# Insulating around waste pipe?



## Windows on Wash (Aug 30, 2011)

I am guessing you are over a crawl space vs. a basement?

When the flange goes on, it should be tight to the floor and sealed to the subfloor.

If you want to seal it in the meantime, stuff a plastic bag around it or some batt insulation if you have some around. The trash bag option is usually much more readily available.


----------



## JenD* (Nov 17, 2012)

*Plastic bags are a lifesaver*

Thanks for writing! We actually have used plastic bags stuffed around the pipe as we work in that room, and yep, they work wonders.

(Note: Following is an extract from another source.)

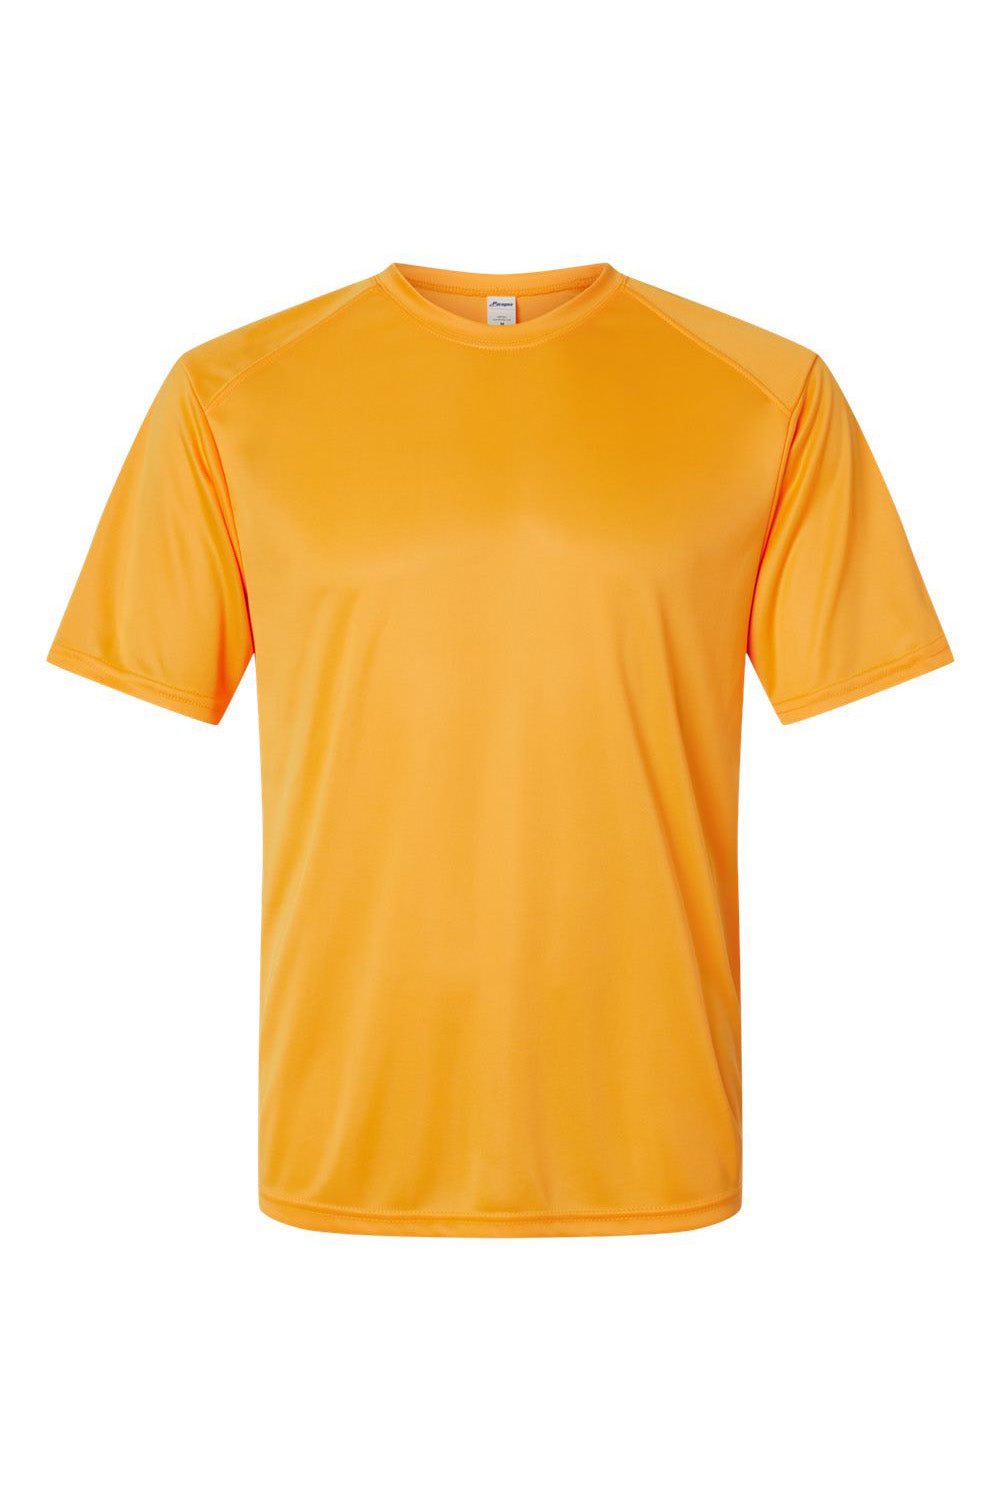 Paragon 200 Mens Islander Performance Short Sleeve Crewneck T-Shirt Gold Flat Front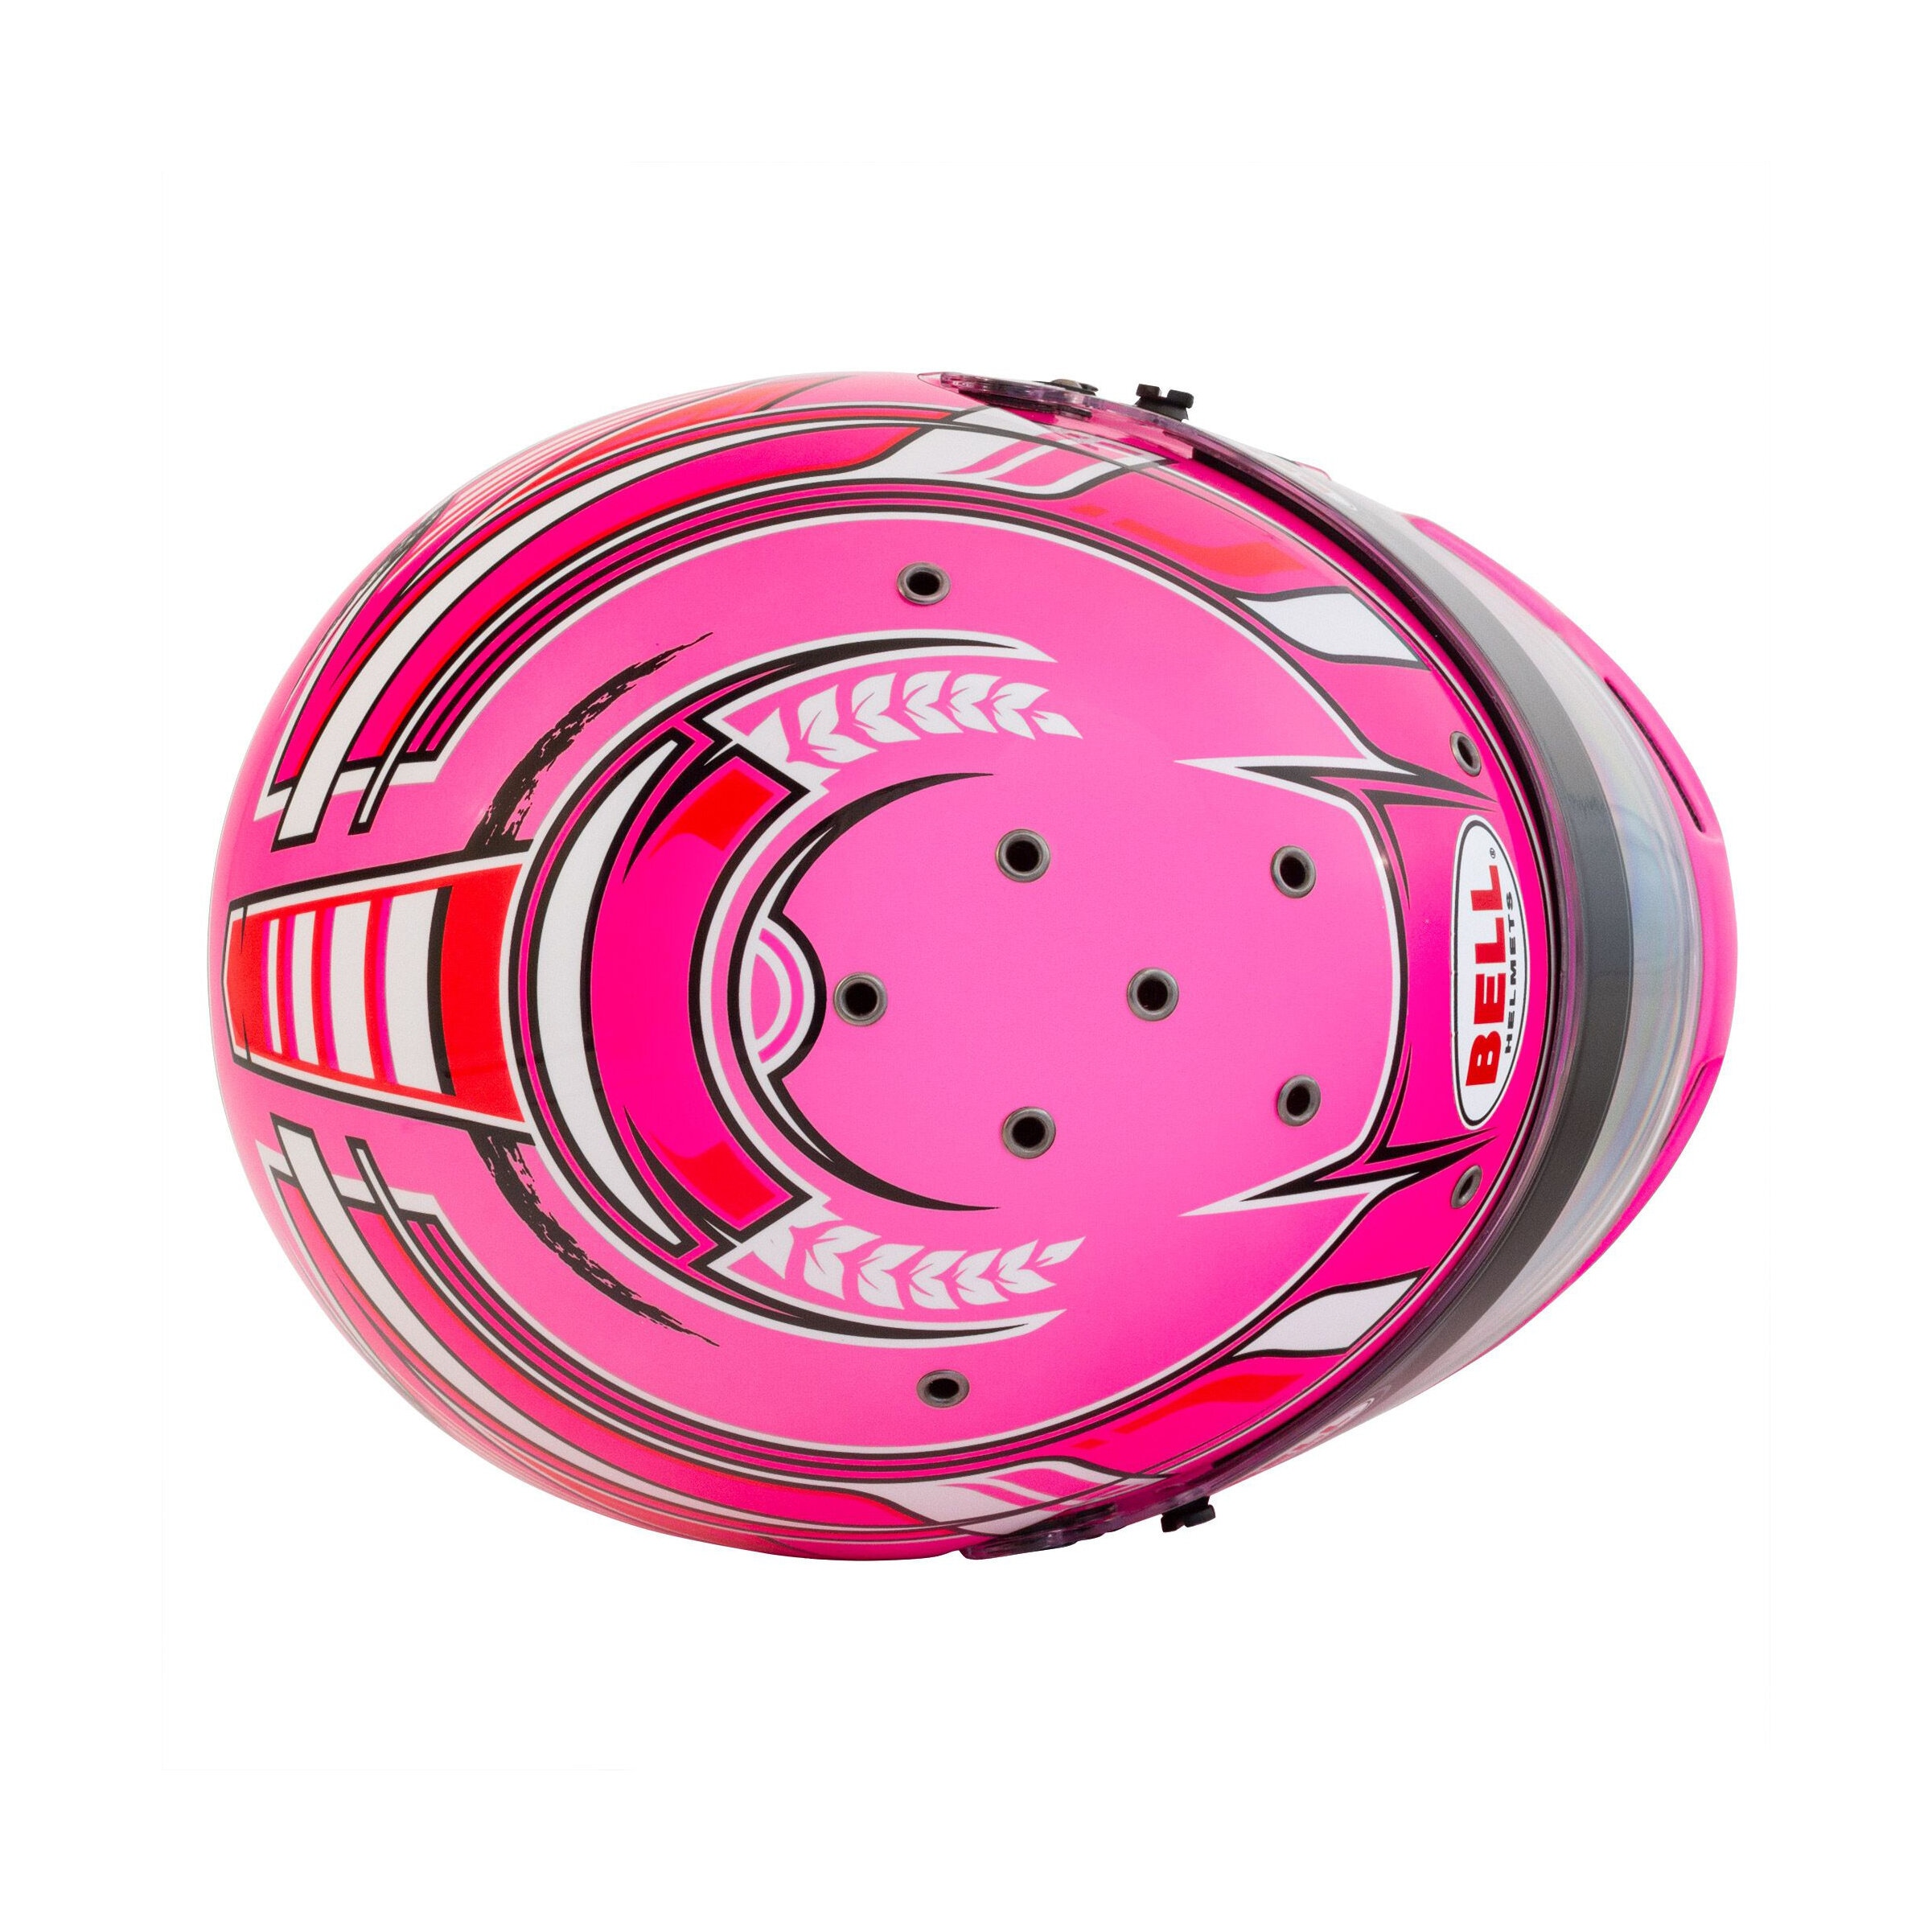 Helmet Bell KC7 CMR Champion Pink

I understand that flange should be installed thru the new tile/backerboard, but since it was not previously (the existing vinyl was installed just up to the flange decades ago, it looks like) I am concerned that will be the case again this time for some unknown reason. If this is what has to happen, is it okay to just leave the plastic bags in there over time, do you think? I am guessing/hoping there wouldn't be a mold issue with the plastic? Happy to get some batt to do the same thing if you think that is a better solution.


----------



## Windows on Wash (Aug 30, 2011)

Is that space over a crawl space?

The bigger issue is that there is no insulation or air barrier down there if so.

Look up all the crawl space threads here on this forum and you will get some ideas on how to improve that insulation schedule. That has to be fixed up a well or you are going to have an ice cold bathroom/toilet.
http://www.youtube.com/watch?v=07h2O496kyU


----------